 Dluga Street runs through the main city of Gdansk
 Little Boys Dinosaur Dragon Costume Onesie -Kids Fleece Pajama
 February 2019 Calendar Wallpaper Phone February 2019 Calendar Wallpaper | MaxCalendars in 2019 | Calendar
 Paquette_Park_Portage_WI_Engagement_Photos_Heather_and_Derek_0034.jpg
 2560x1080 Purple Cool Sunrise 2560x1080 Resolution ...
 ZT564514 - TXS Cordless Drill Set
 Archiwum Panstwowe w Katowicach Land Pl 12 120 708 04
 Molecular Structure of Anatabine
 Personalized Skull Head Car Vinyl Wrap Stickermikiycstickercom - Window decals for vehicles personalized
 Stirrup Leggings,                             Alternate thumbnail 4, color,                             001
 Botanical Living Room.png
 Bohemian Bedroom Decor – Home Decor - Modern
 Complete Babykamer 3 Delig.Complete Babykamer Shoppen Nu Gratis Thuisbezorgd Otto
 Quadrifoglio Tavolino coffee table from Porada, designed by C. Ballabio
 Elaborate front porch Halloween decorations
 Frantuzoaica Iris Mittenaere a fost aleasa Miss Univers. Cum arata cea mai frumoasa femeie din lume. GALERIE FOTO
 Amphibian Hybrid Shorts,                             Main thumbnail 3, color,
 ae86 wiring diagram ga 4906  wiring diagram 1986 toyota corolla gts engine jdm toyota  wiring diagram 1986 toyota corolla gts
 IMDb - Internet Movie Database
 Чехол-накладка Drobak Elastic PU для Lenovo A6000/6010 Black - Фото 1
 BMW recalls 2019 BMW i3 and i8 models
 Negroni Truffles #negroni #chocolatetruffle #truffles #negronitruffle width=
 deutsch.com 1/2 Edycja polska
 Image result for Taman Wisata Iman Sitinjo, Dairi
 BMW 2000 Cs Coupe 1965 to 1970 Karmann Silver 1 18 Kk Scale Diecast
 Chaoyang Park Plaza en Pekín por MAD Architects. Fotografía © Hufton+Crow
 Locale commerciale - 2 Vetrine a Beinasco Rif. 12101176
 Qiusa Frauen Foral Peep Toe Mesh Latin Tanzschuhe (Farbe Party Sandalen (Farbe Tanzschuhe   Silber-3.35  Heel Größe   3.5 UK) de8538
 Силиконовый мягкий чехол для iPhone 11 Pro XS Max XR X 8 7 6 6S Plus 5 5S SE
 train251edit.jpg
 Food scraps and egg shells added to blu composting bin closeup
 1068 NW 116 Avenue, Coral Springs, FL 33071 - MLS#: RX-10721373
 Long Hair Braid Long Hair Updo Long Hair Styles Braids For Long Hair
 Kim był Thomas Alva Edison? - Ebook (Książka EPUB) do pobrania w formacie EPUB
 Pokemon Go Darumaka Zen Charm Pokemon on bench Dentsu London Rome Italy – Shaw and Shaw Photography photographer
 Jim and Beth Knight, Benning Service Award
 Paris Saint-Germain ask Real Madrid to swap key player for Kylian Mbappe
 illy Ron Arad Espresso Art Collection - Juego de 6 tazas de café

******************************

### Activity:
Starting at the line that has "Qiusa Frauen Foral" in the records above, restate word for word every line until the one that has "1068 NW 116", and include that one as well.

### Solution for this task:
 Qiusa Frauen Foral Peep Toe Mesh Latin Tanzschuhe (Farbe Party Sandalen (Farbe Tanzschuhe   Silber-3.35  Heel Größe   3.5 UK) de8538
 Силиконовый мягкий чехол для iPhone 11 Pro XS Max XR X 8 7 6 6S Plus 5 5S SE
 train251edit.jpg
 Food scraps and egg shells added to blu composting bin closeup
 1068 NW 116 Avenue, Coral Springs, FL 33071 - MLS#: RX-10721373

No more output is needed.